Part of the reason that industry can even exist is Dungeons & Dragons' Open Gaming License. The license created a system for other content and other tabletop games to exist on top of without worrying about falling afoul of Wizards of the Coast legally. It also had an added benefit to Wizards: pulling more people back toward D&D.
"The idea is to release a D20 System reference document under the Open Gaming License; essentially exposing the standard D&D mechanics, classes, races, spells, and monsters to the Open Gaming community. Anyone could use that material to develop a product using that information essentially without restrictions, including the lack of a royalty or a fee paid to Wizards of the Coast," said former Wizards of the Coast vice president Ryan Dancey at the time of the OGL's creation.

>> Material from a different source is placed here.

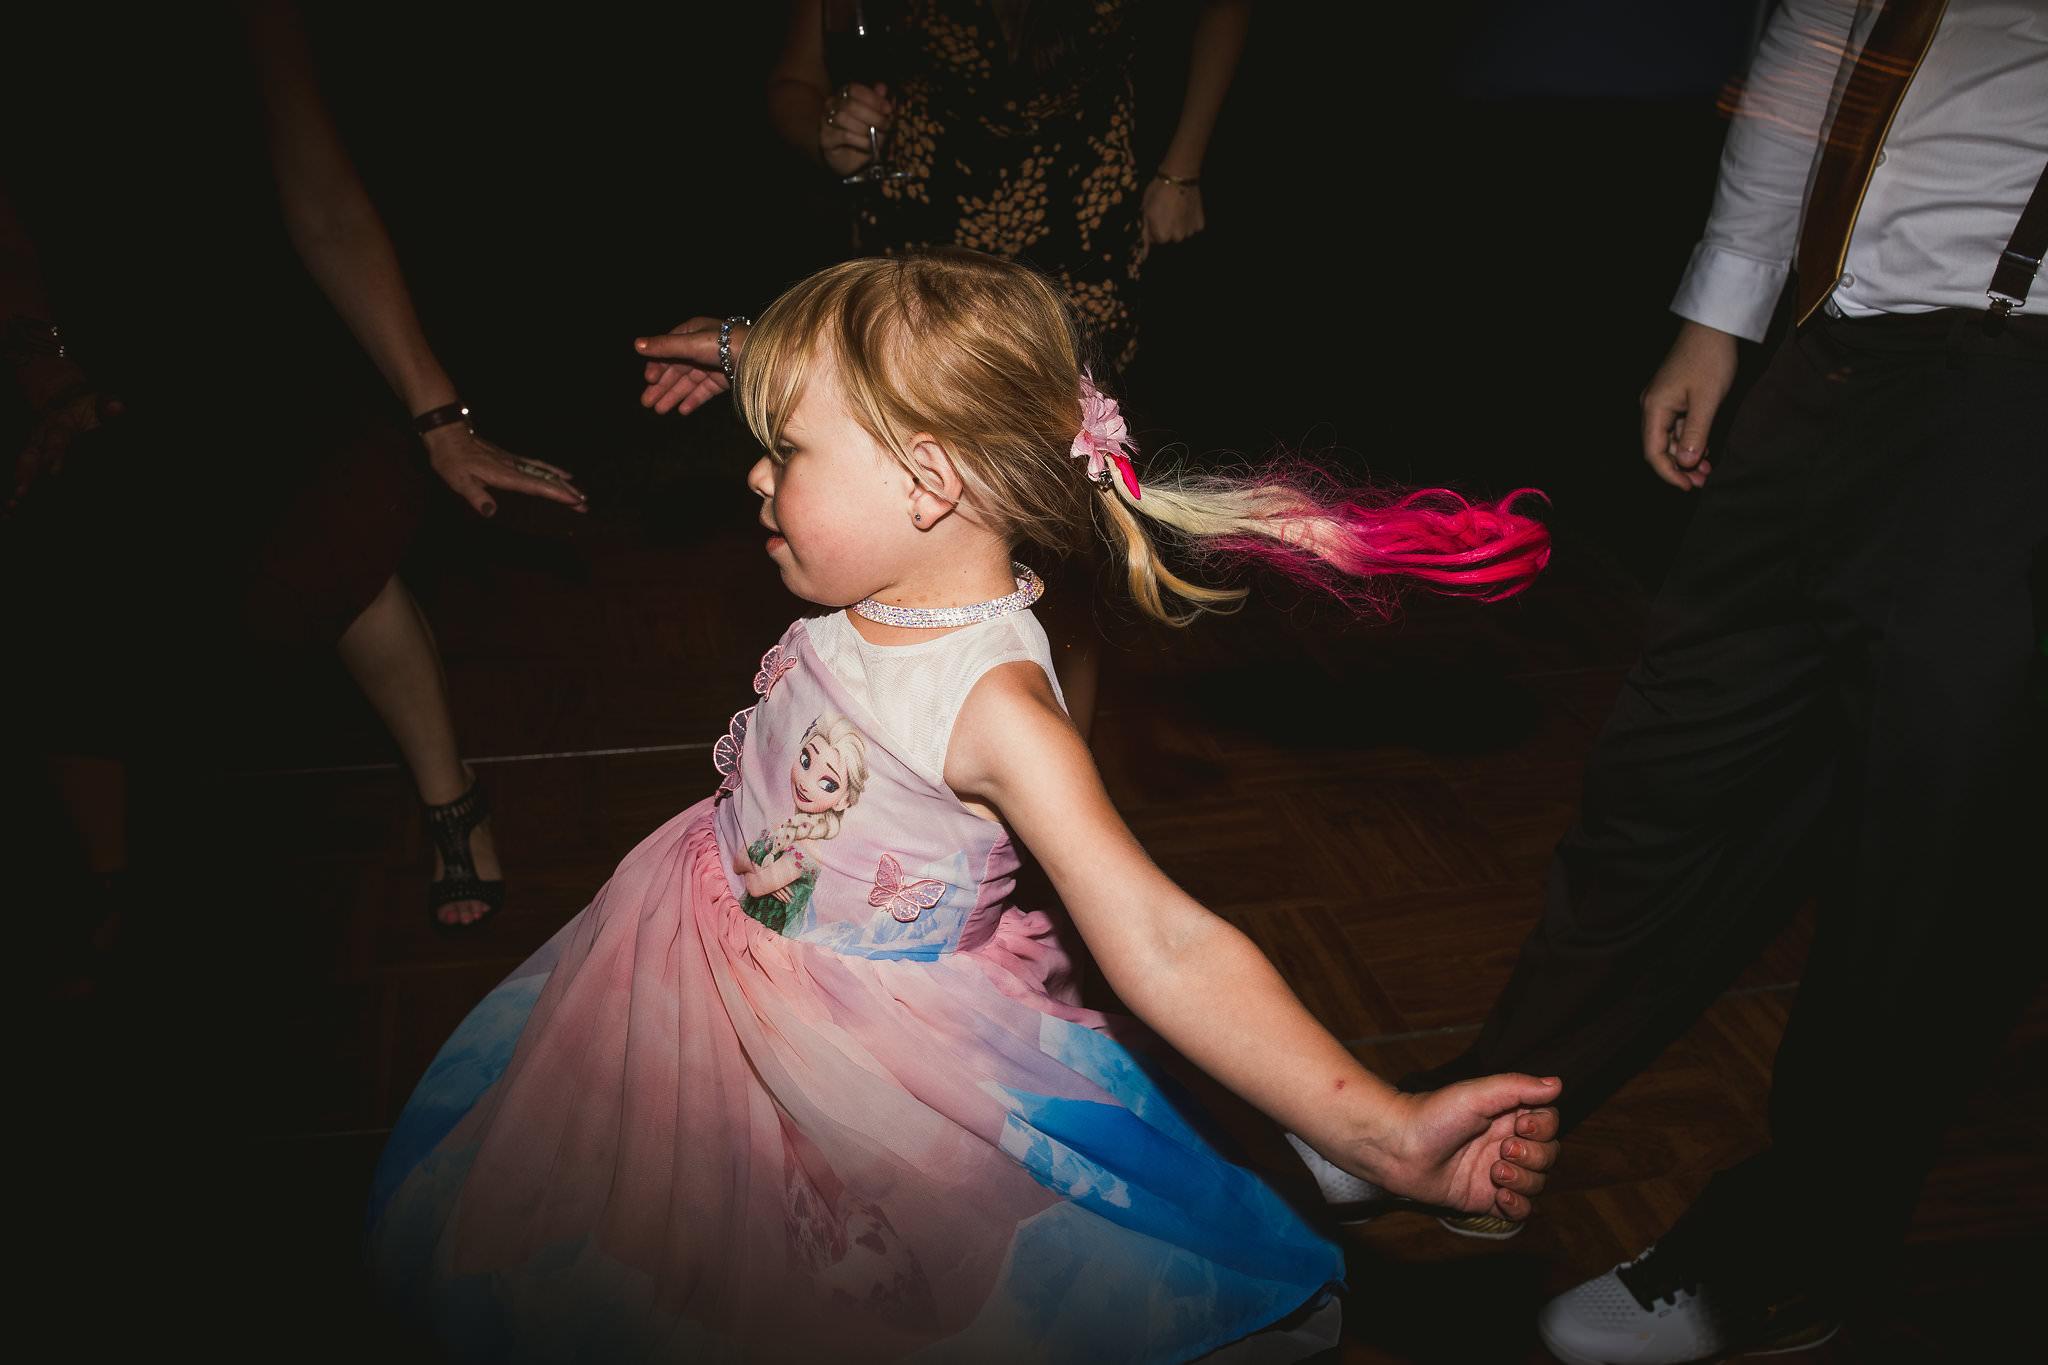 Kristen Adam Kindred Loft Whitby Wedding Photos 602 - Durham Wedding Photographer: Kindred Loft Wedding Photos

The issues arose when Wizards stated it was planning to update the OGL in early 2023. Gizmodo posted a leaked version of the new license last week, noting that the new language would give Wizards further control over products created using the OGL. As stated in the document, Wizards believed that the "OGL wasn’t intended to fund major competitors." The document also included a royalty structure for creators making over a certain amount in revenue.
The community — which has grown considerably thanks to the cottage industry mentioned above — was livid about the potential change. Rival company Paizo, made up of former Dungeons & Dragons employees, announced its own Open RPG Creative License (ORC). The company is the developer of the Pathfinder and Starfinder, both of which were originally based on the OGL.
In response to the fiery backlash, Wizards of the Coast backed down on some of its changes. In a statement, the company said it merely wanted to prevent D&D from being used for hateful and discriminatory products and Web3 projects. Despite that, Wizards is rethinking the language in the new version of the license, removing things like the royalty scheme.
"Thank you for caring enough to let us know what works and what doesn’t, what you need and what scares you. Without knowing that, we can’t do our part to make the new OGL match our principles. Finally, we’d appreciate the chance to make this right. We love D&D’s devoted players and the creators who take them on so many incredible adventures. We won’t let you down," said the company in its statement.
Creators are still being cautious, of course, as the new OGL has yet to be released.
On My Mind 🧠
Sam Bankman-Fried Starts a Substack: If I were under legal threat for fraud, I would simply not tweet. FTX founder Sam Bankman-Fried went in the opposite direction and started his own Substack this week. The first post is all about explaining his side of the story. Seems like a bad idea.
“I didn’t steal funds, and I certainly didn’t stash billions away. Nearly all of my assets were and still are utilizable to backstop FTX customers. I have, for instance, offered to contribute nearly all of my personal shares in Robinhood to customers–or 100%, if the Chapter 11 team would honor my D&O legal expense indemnification.”
YouTubers Are Losing Money To YouTube's New Profanity Policies (Polygon): It seems YouTube has changed policies once again, and this time it's causing a lot of videos from certain creators to be demonetized. And these creators are pissed.
“It’s immensely frustrating, and it incentivizes me to continue to plan for a future where YouTube is no longer part of my life. When sudden policy changes can significantly affect your livelihood at the drop of a hat, you realize just how unsustainable this career is in the long run,” [SungWon "ProZD" Cho] told Polygon over email.